So there it is in black and white, people. And with that I say, take my pettiness, my controversy, and my judgments because:
So back to politics. I’m going to try not to talk about Trump too much, but it’s inevitable. Here we are with a man as our President who has proven that he lacks compassion and has qualities of a tyrant. A man who leads with fear and greed, and who represents himself as well as everything that I have a problem with in the world.
But I’m not mad at him for having tiny hands and a big mouth, or being a sissy coward on one of the most insane power trips I’ve ever seen. I’m mad at the people supporting him.
And hey, I know all you Republicans aren’t the same. I know you guys aren’t evil, and I shouldn’t attack EVERYONE because of one person. I honestly believe that some people who voted for Trump are out there saying, “I just like his fiscal policies, I swear! OF COURSE I don’t believe in all his social views, but let’s give him a chance! EQUALITY FOR ALL! I’m nice to all the minorities!”
Well, you’re a coward on a power trip too. You’re afraid of any change, so you want to “make America great again” by putting the whole country back in a time of white supremacy. And okay, okay, you’re not all white. But you are privileged. And I’m assuming equality for all basically means more for you, right?
And at this point you’re probably already defending yourself. That’s great! Get angry! Maybe in light of recent activities, you finally have a guilty conscious. But don’t worry, I’m not only yelling at you… yet.
Firstly, I want to point out that I did NOT get angry when Trump first won the election. I was not bragging about the fact I voted for Hilary, because I wasn’t too keen on her being our first female president. I don’t think she represents womanhood. I didn’t listen to much of the debate, regretfully. I wasn’t into politics, admittedly. I don’t really trust the media nor do I really watch the news, unfortunately.
But I voted. I voted for the people in my life who I care the most about, not just for myself. And when I didn’t get my way, I hoped for the best. In fact, up until the past week, I was saying,”Okay Trump, now’s your chance. Let’s see what you got.”
Well, ABORT MISSION. I DON’T WANT TO SEE ANYMORE.
So you see, my folks with a guilty conscious? I am not only judging the people who are supporting him, I am also judging myself. I am judging myself for not getting angry or upset, and I may be just as bad as the people who supported him. And I apologize to those people who I tried to represent by voting, that I wasn’t angry enough before.
So, I have a new mission, and that is that I WILL be yelling at you from this point on. And if you want to call me a cry baby, go ahead. But try not to cry too much about the hurtful things I’ll say about you.
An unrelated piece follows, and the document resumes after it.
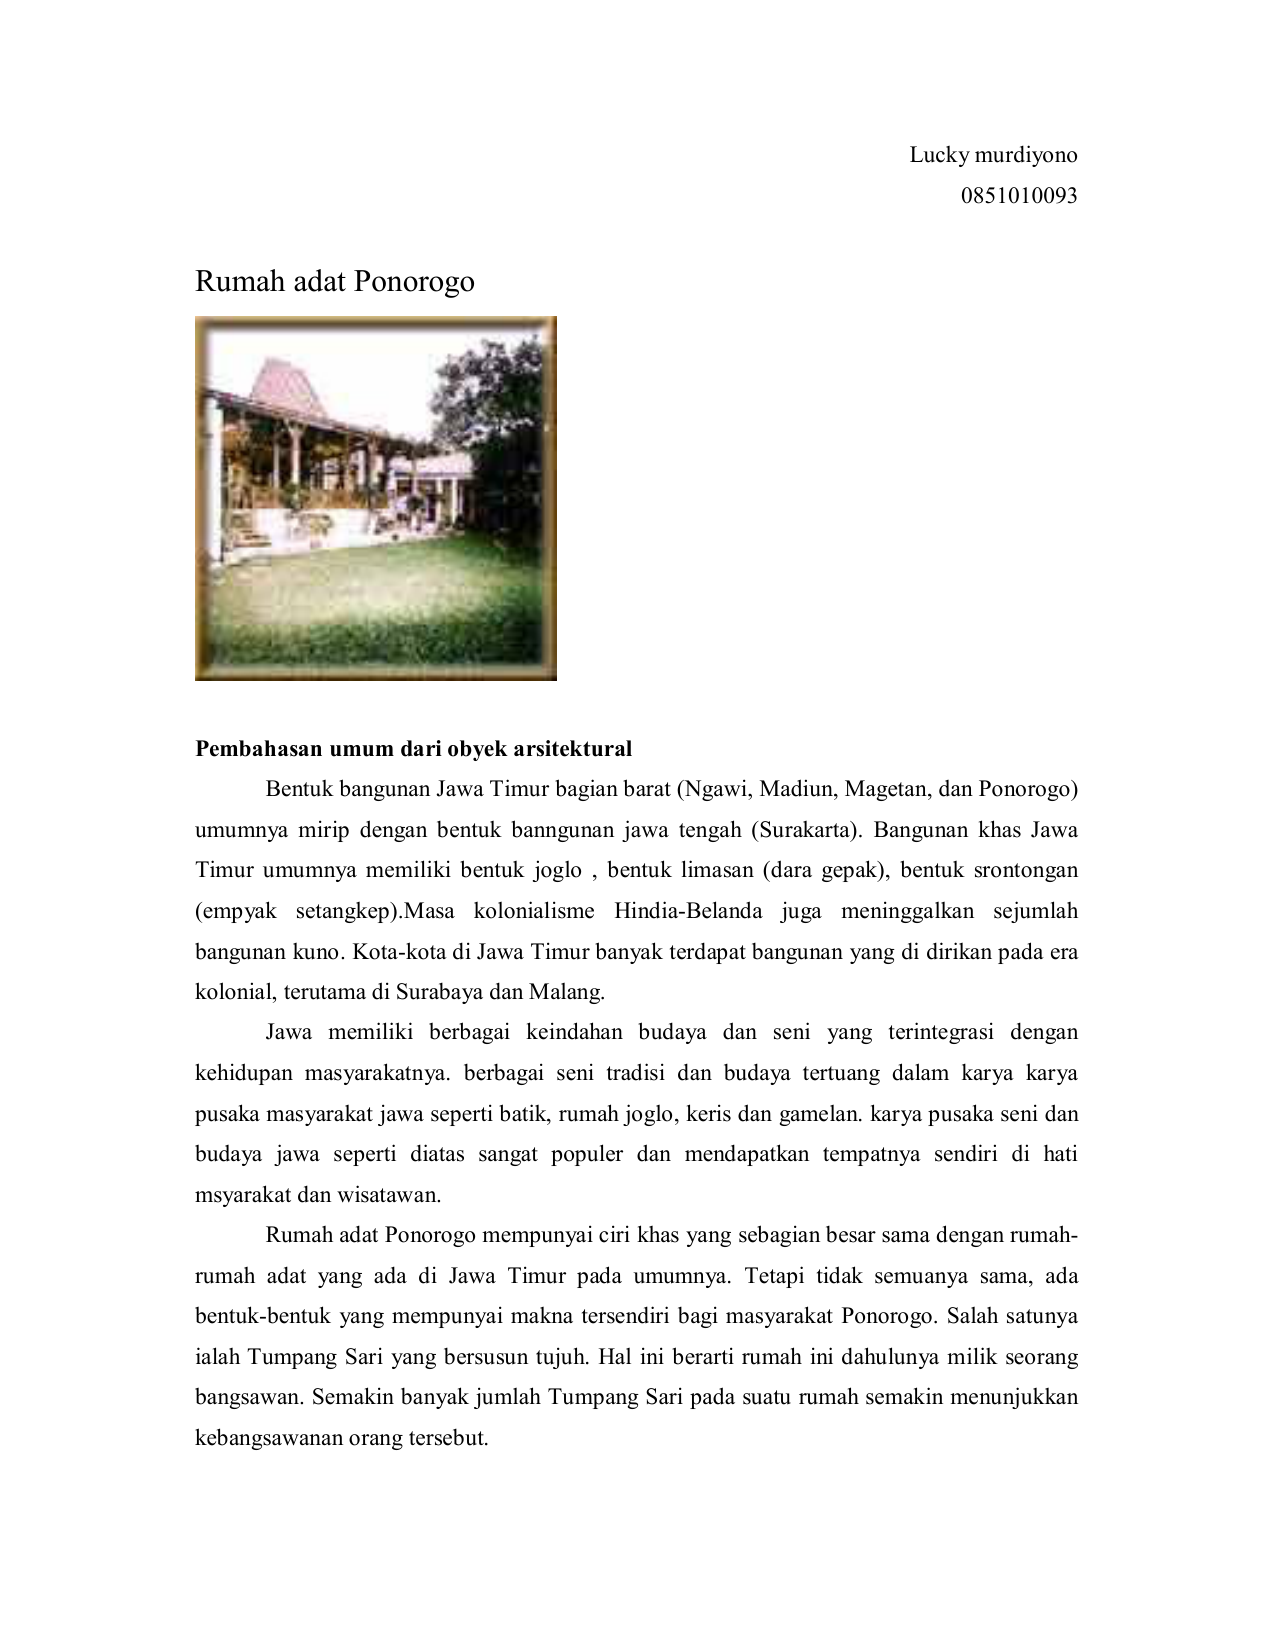 830 Koleksi Gambar Rumah Adat Jawa Tengah Dan Jawa Timur HD

And NO, not you Donald Trump. I don’t even want to yell at you. I’ll leave that up to my more educated friends like The Young Turks, and hmmm I don’t know, anyone with a Journalism degree. Now I’ll finally watch the news so I can support decisions backed up by any sort of evidence, which will clearly and more eloquently point out his stupidity.
But I will be yelling at the people who are quick to cower behind him and protect themselves from scrutiny.
Hey, it’s human nature. So, I get it. I used to cower all the time and get defensive when people yelled at me. I still do. But cowering when your boyfriend does something disrespectful in an act to be agreeable, while extremely counterproductive, is NOT the same thing as cowering when someone disrespects an ENTIRE RACE OR GENDER.
I had dinner with a friend a few months back; One of the strongest ladies I know. Actually, I’m surrounded by them (shout out to my closest friends and my mama!). But this one friend told me that she saw something on her significant other’s phone, in a group chat with all his friends, where one guy made a racist comment about African Americans, and nobody said anything. They all just changed the subject.
Well, this friend of mine, she’s African American.
She was obviously hurt to be telling me this, and had a discussion with her significant other afterwards saying, “That is your future children and family that your closest friends were talking about.”
Her point being that even as a bystander, he was contributing to a larger problem. A problem that doesn’t affect him now, but WILL affect him eventually.
This really spoke to me. I could probably think of a million times when someone made an offensive joke around me and I didn’t say anything. Now in a twisted way, I can see how that affects me, because so many people in the world take offensive comments lightly, and that will affect MY children, too.
Flash forward to a few weeks ago. Someone I know (we’ll call him Bob), commented on a Facebook post that my friend posted (we’ll call her Jen).
Jen posted this meme:
Damn, even some of the worst Presidents in history managed to squeak out a few inspirational quotes and that’s what we’re making memes of? But okay, let’s for the sake of the upcoming argument say that’s just “locker room talk.” And let’s also say that things like that have been said by many other people, but probably never captured on tape.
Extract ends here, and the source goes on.